BEGIN Data to examine

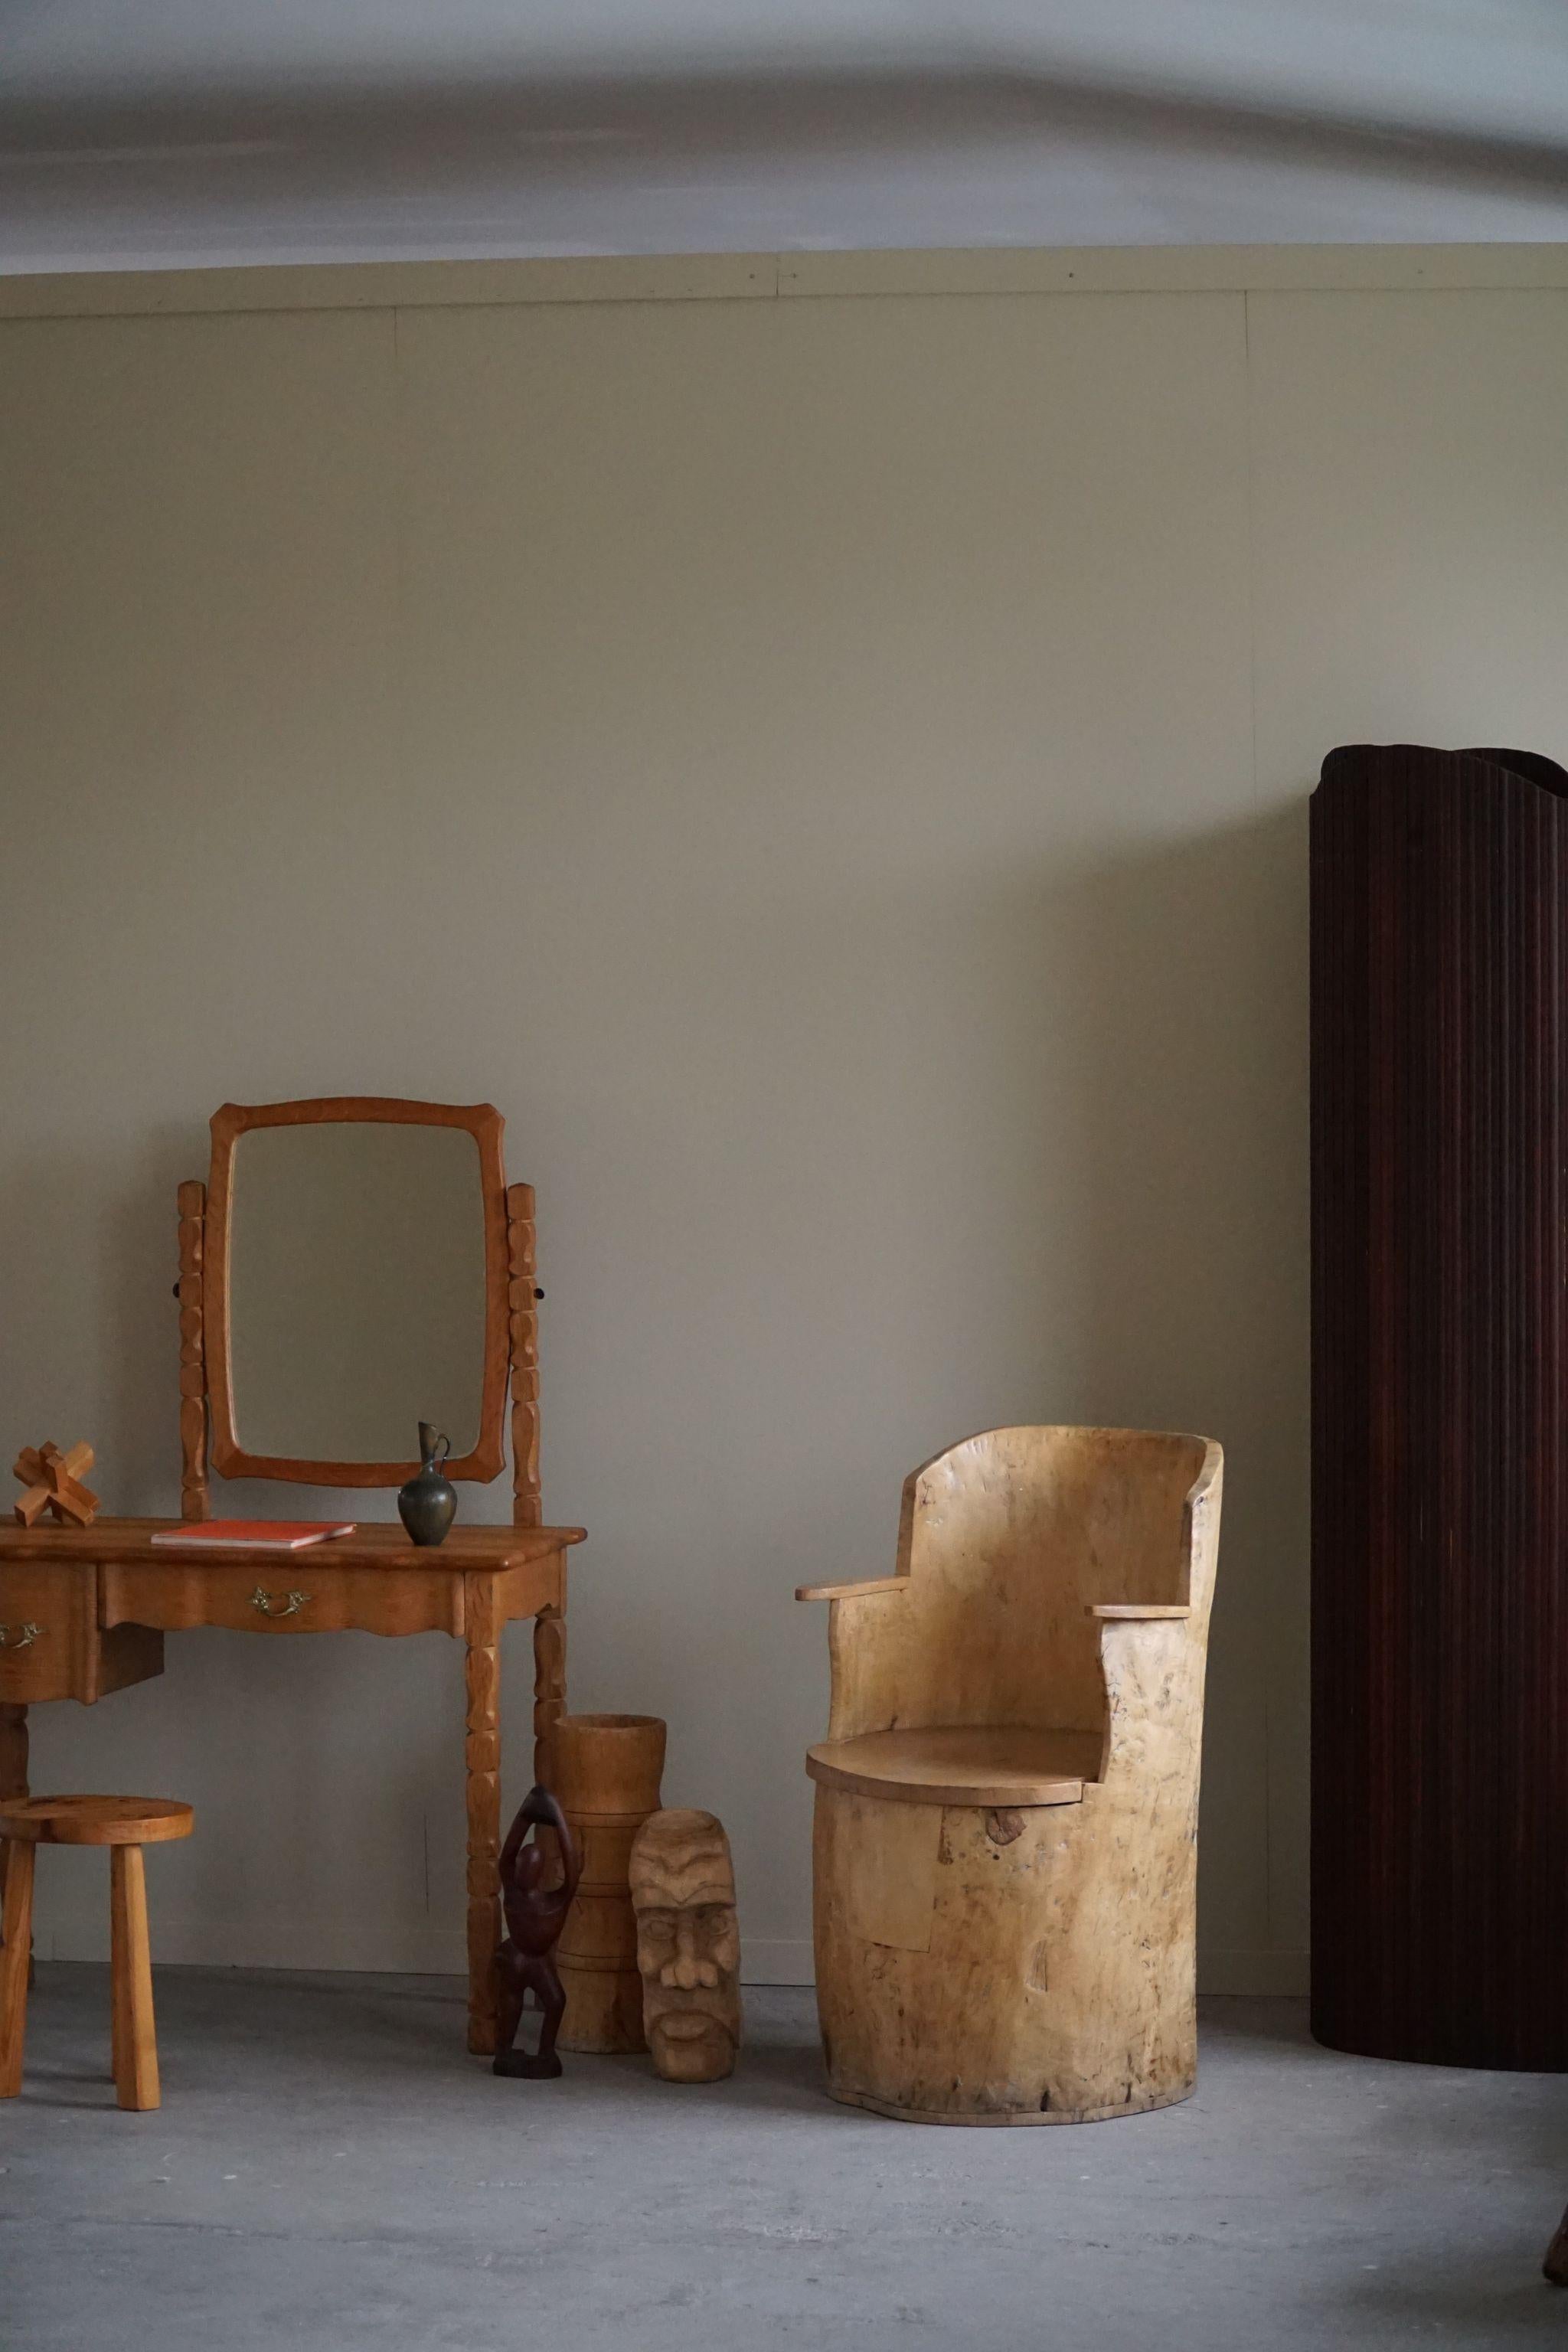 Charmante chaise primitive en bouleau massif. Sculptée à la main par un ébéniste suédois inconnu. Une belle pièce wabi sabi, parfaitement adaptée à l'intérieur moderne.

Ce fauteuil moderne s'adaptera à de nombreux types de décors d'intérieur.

END Data to examine
BEGIN Data to examine

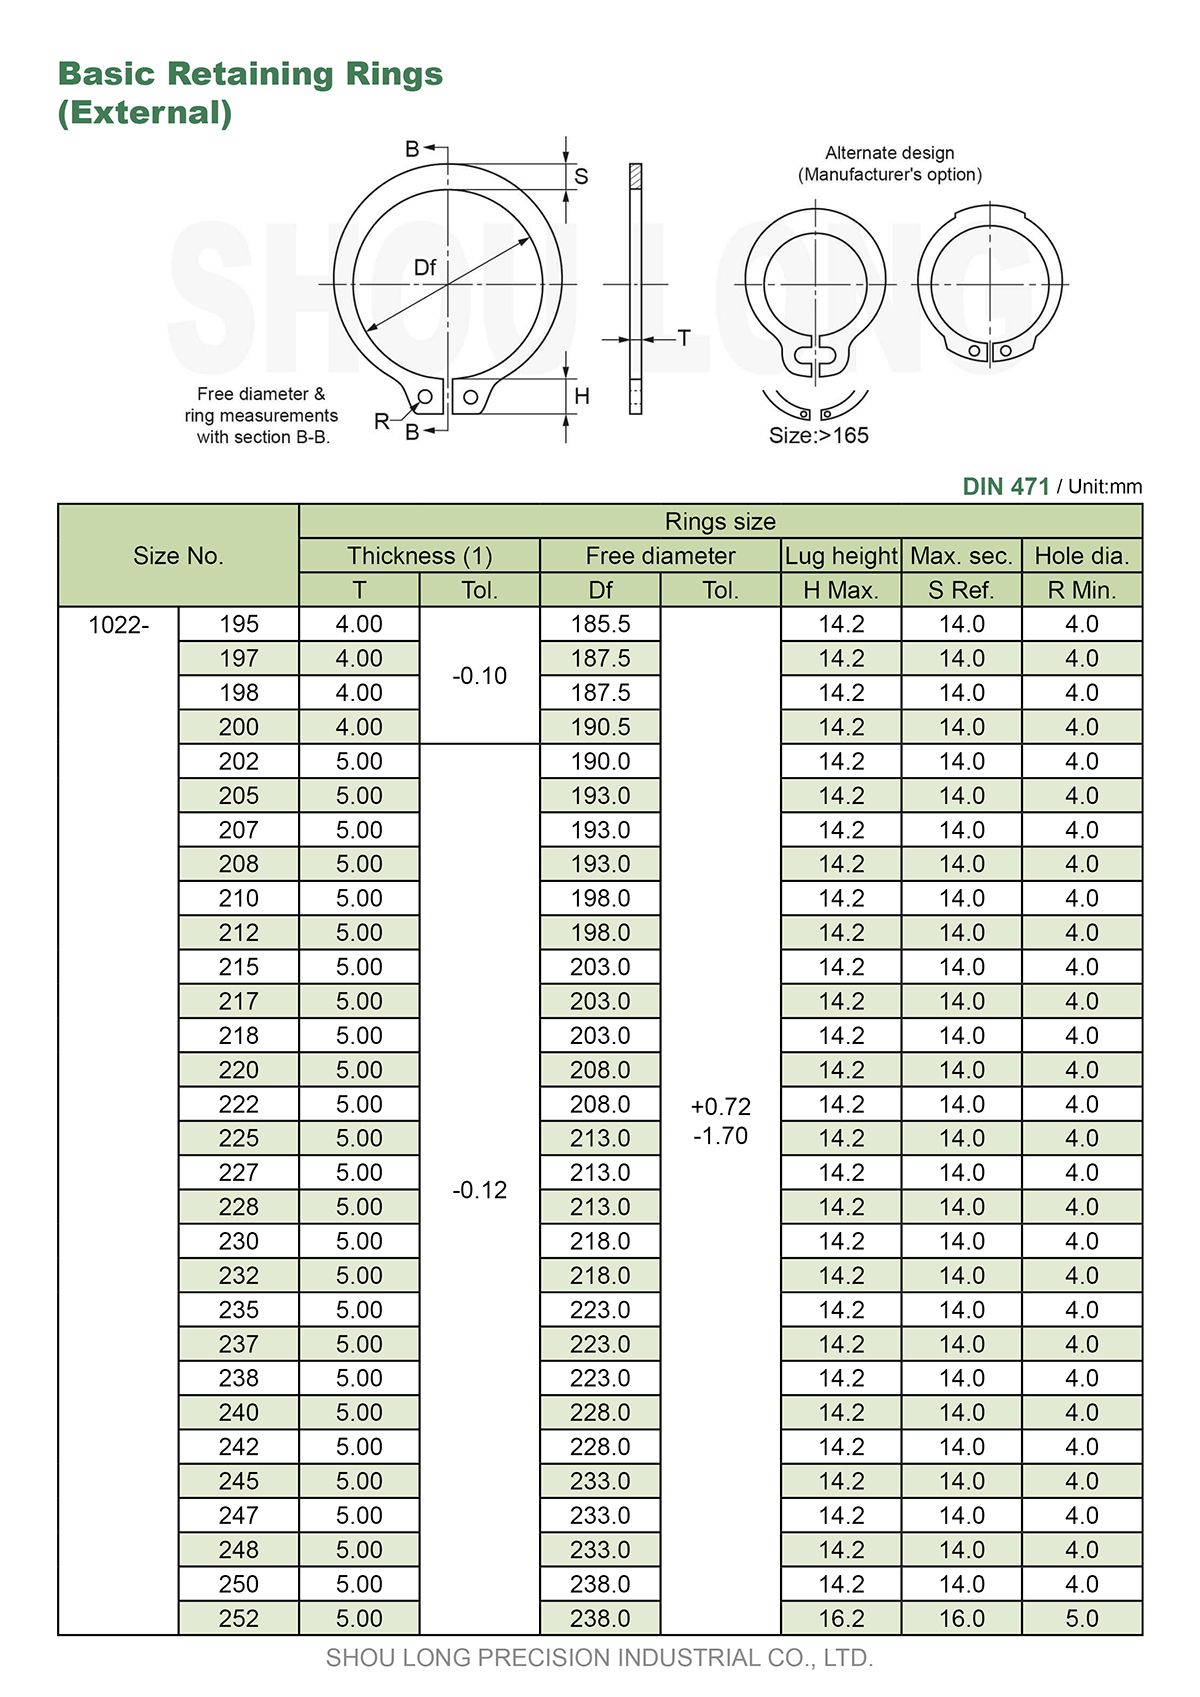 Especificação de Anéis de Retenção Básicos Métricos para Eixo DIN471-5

END Data to examine
BEGIN Data to examine

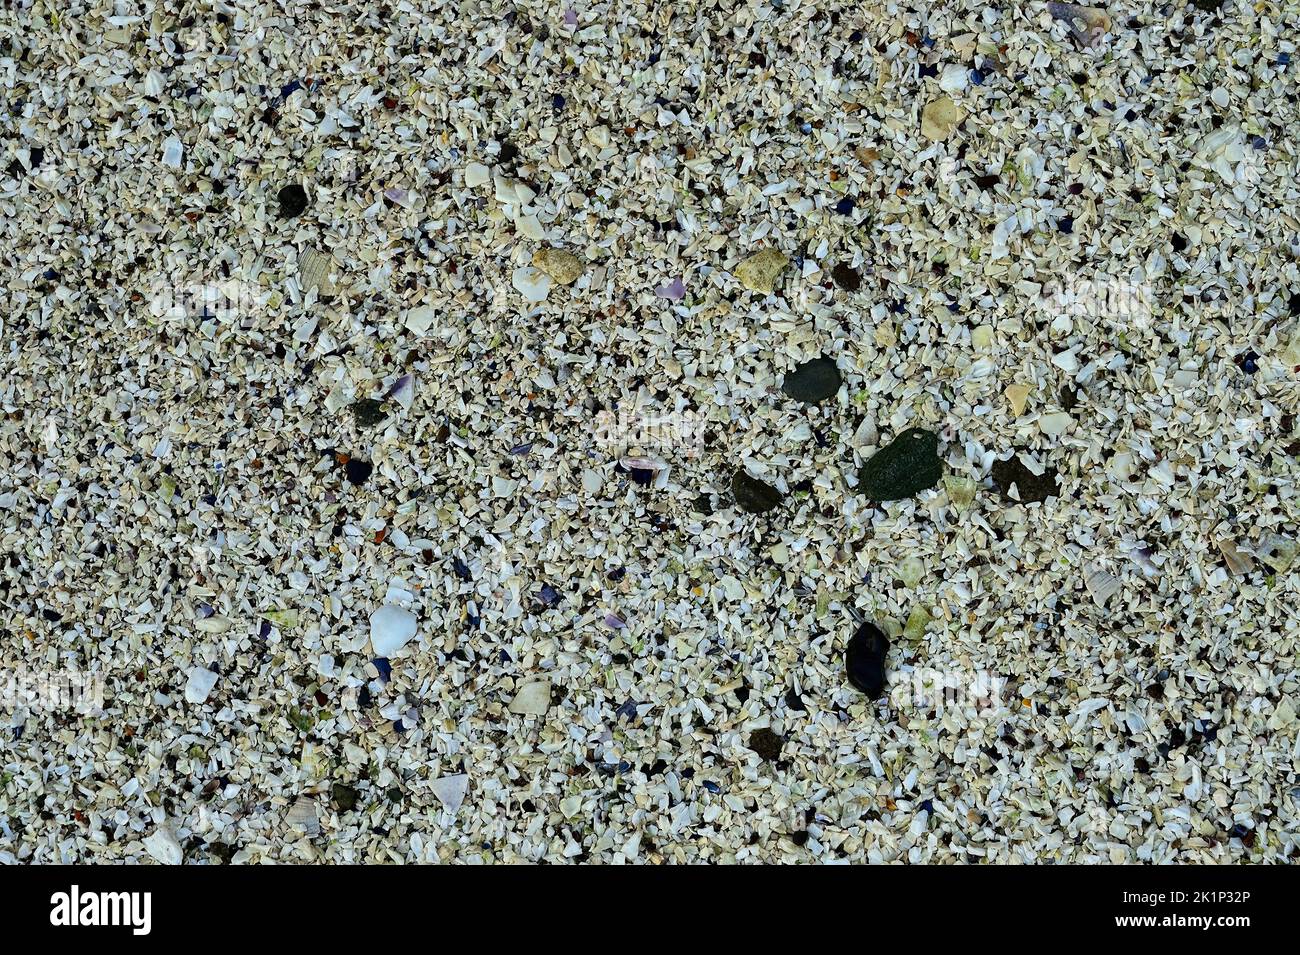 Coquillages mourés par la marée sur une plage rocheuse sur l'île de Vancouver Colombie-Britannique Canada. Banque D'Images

END Data to examine

_Goal of the exercise_
While skipping the pictures, transcribe the data above from the line showing "Charmante chaise primitive" through the line showing "Ce fauteuil moderne", exactly and with both ends.

_Task answer_
 Charmante chaise primitive en bouleau massif. Sculptée à la main par un ébéniste suédois inconnu. Une belle pièce wabi sabi, parfaitement adaptée à l'intérieur moderne.

Ce fauteuil moderne s'adaptera à de nombreux types de décors d'intérieur.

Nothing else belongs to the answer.